» TASK OBJECTIVE
Type out the lines below exactly, from the first through the line holding "- PBR Specular/Glossiness", and include no pictures.

» DATASET EXTRACT
************
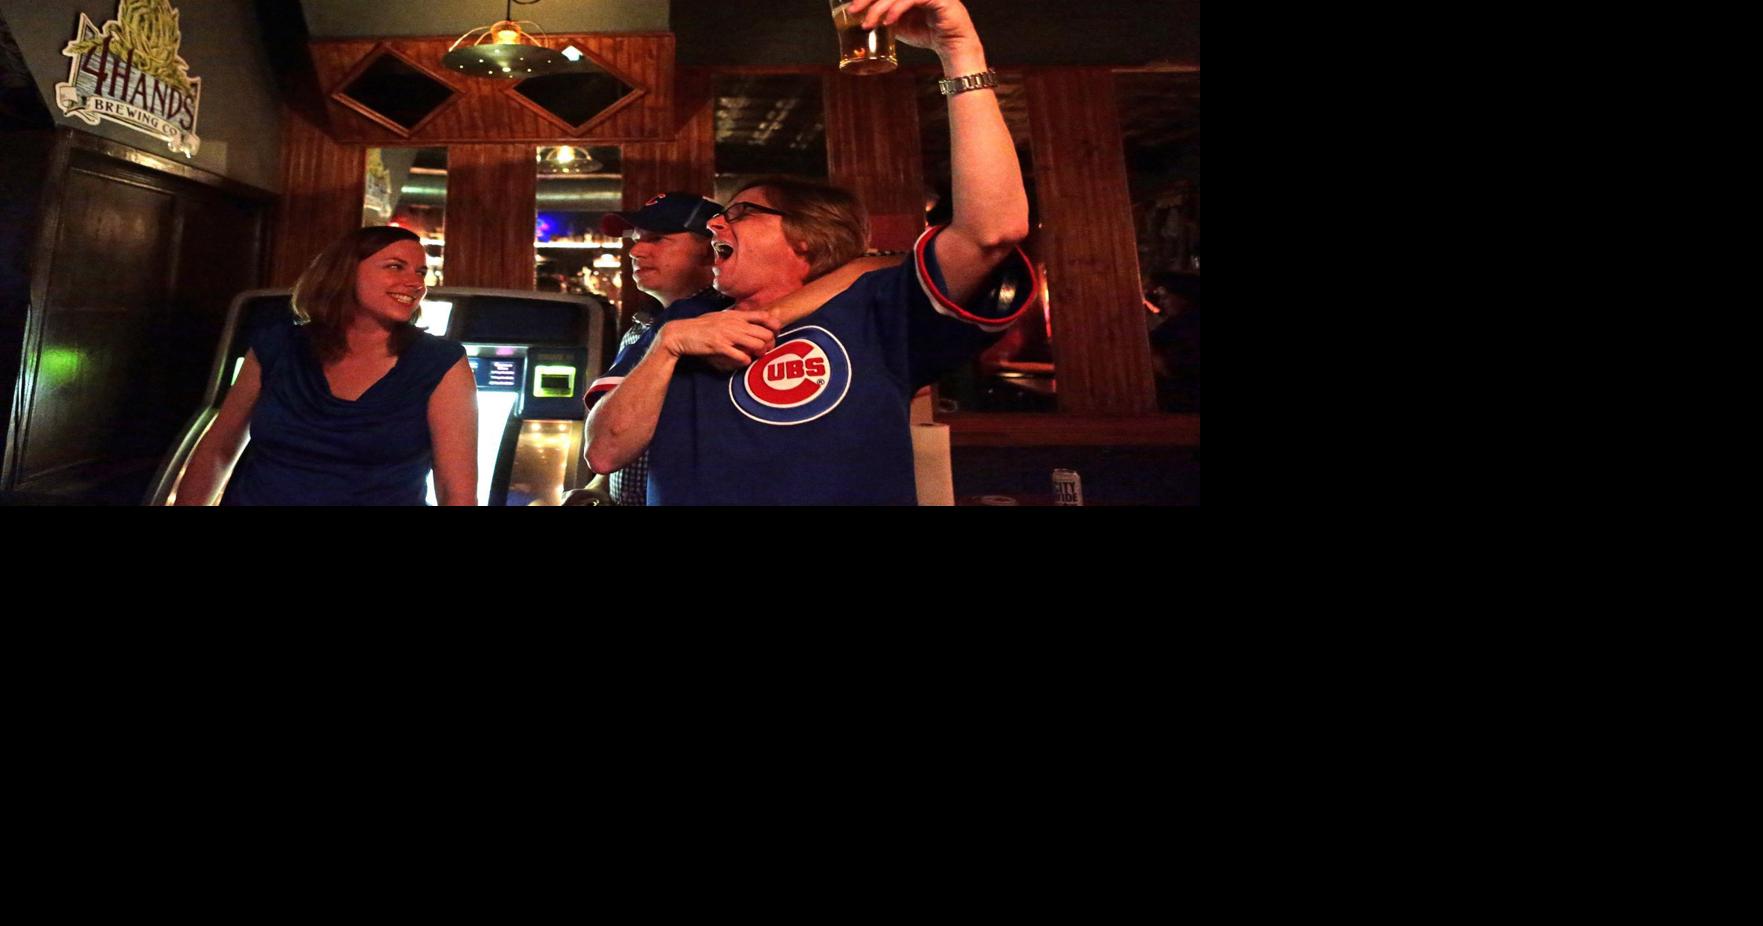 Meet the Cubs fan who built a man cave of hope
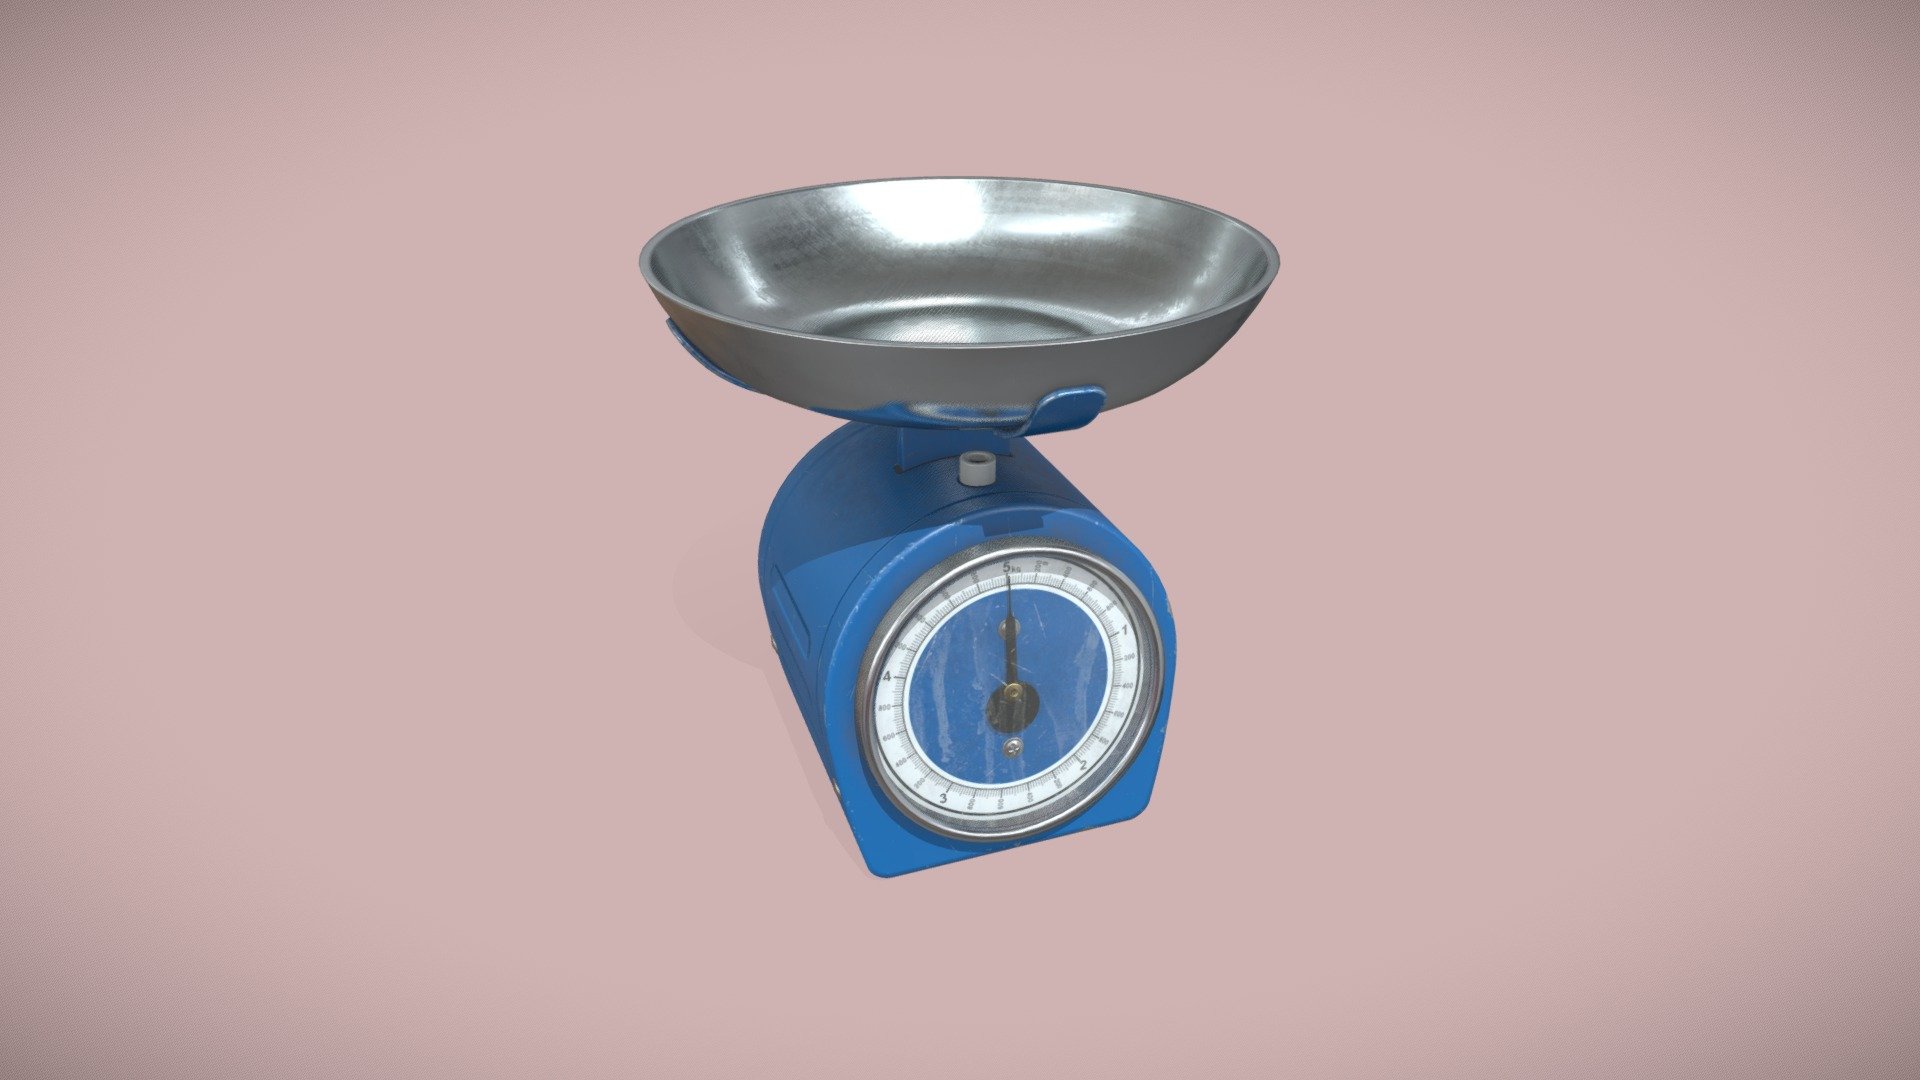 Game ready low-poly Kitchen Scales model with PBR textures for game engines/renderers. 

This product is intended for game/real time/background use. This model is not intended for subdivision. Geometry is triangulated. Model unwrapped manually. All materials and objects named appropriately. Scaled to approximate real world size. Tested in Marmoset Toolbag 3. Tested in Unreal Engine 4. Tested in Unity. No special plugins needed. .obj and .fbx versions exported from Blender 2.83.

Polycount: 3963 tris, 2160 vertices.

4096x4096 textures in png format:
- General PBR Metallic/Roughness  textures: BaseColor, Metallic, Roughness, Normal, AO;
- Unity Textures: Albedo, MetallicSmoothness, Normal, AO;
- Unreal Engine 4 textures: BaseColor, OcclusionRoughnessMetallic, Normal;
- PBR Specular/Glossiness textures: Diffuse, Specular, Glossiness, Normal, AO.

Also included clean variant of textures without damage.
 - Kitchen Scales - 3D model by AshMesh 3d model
************
» YOUR SOLUTION
 Meet the Cubs fan who built a man cave of hope
 Game ready low-poly Kitchen Scales model with PBR textures for game engines/renderers. 

This product is intended for game/real time/background use. This model is not intended for subdivision. Geometry is triangulated. Model unwrapped manually. All materials and objects named appropriately. Scaled to approximate real world size. Tested in Marmoset Toolbag 3. Tested in Unreal Engine 4. Tested in Unity. No special plugins needed. .obj and .fbx versions exported from Blender 2.83.

Polycount: 3963 tris, 2160 vertices.

4096x4096 textures in png format:
- General PBR Metallic/Roughness  textures: BaseColor, Metallic, Roughness, Normal, AO;
- Unity Textures: Albedo, MetallicSmoothness, Normal, AO;
- Unreal Engine 4 textures: BaseColor, OcclusionRoughnessMetallic, Normal;
- PBR Specular/Glossiness textures: Diffuse, Specular, Glossiness, Normal, AO.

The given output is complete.